Shawl we try again?
Wednesday August 27th 2008, 12:21 am
Filed under: Knit

This yoke idea and that lace in the main body. They were supposed to go together.  All the time I spent over several days  hashing out the yoke pattern,  sure of what was going to come after, I had another idea that kept nagging at me to do next instead, saying all the reasons why it was the right one and why I should ditch the one I was so bent on.

And I kept saying no, no, be a good little lace pattern, go away.  While carefully counting stitches.

But then the one I thought I wanted to use didn’t work.

Upper and lower just didn’t fit together.  What on earth?  I counted stitches again, fifteen ways from tomorrow and it just.didn’t.work. It made no sense.  It was late.  But still.  I couldn’t believe it, and I made some mutterings about math.  And then protested, when I got teased, “But I’m GOOD at math!”  But after spending most of the day yesterday in front of the computer, knitting, writing, editing, frogging, deleting, knitting, writing, editing, frogging, deleting, knitting, writing, editing, frogging, deleting, rinse, lather, repeat, my brain had bugged out and that was that.

That other little pattern, patiently biding its time, pounced on me.  “You know you only want to show off with that fancy-schmancy. You know I’m the right one.  And you know why.  The symbolism is so obvious.”

I do. It was right. It looks wonderful.  It IS wonderful, in a way I can’t describe without instantly giving away who I am knitting it for to that person.  And I can’t believe I even argued with myself over it, it’s so obvious now that I’ve started knitting it.  And it’s a fair bit of fancy-schmancitude itself.

But the killer?  As soon as I decided to go with what is now so patently obviously the right one…

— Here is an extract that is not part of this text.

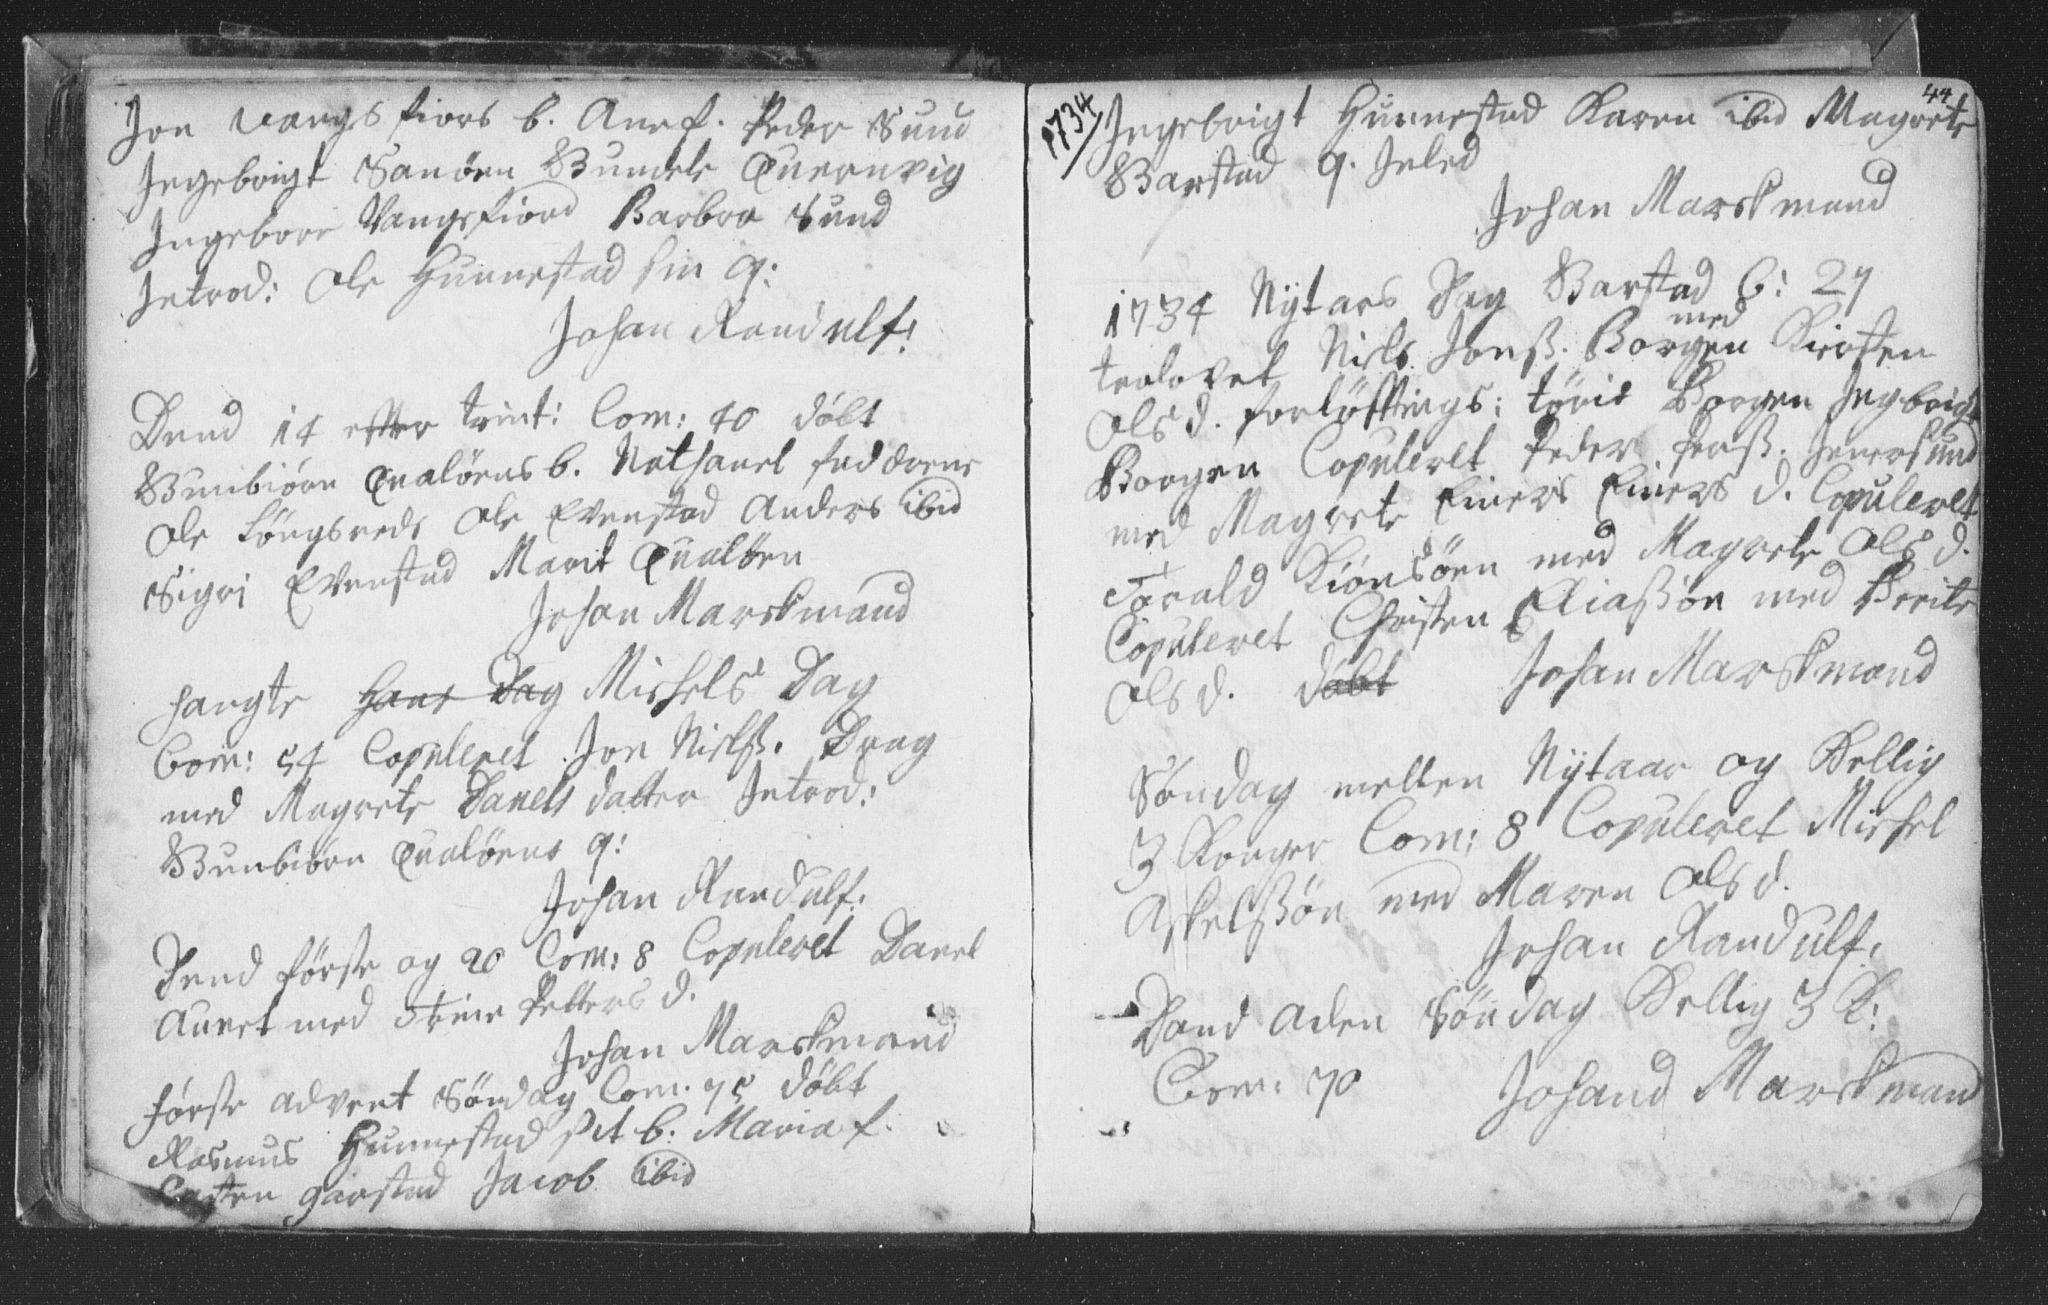 SAT, Ministerialprotokoller, klokkerbøker og fødselsregistre - Nord-Trøndelag, 786/L0685: Ministerialbok nr. 786A01, 1710-1798, s. 44

…I saw exactly where my mistake was and how easily the yoke would indeed fit in with the pattern I no longer wanted and that I am really really glad now I didn’t put in there.  Of course they match up!  Piece of cake. Not that that matters now.

You know how I once said my knitting was not the boss of me? You hear it snickering back there?



Perched on my needles for the halibut
Monday August 25th 2008, 6:59 pm
Filed under: Knit

I’ve been knitting all day and I am thisclose to being finally finally past the swatching stage.for fishyswass soup I’ve never before tried to do what I’m trying to do, and one more round and I think I’ll have it.   I feel like I’ve earned my keep on this one.  But I am taking a break and showing off Kris’s fish bowl that ate a fish while I flounder around.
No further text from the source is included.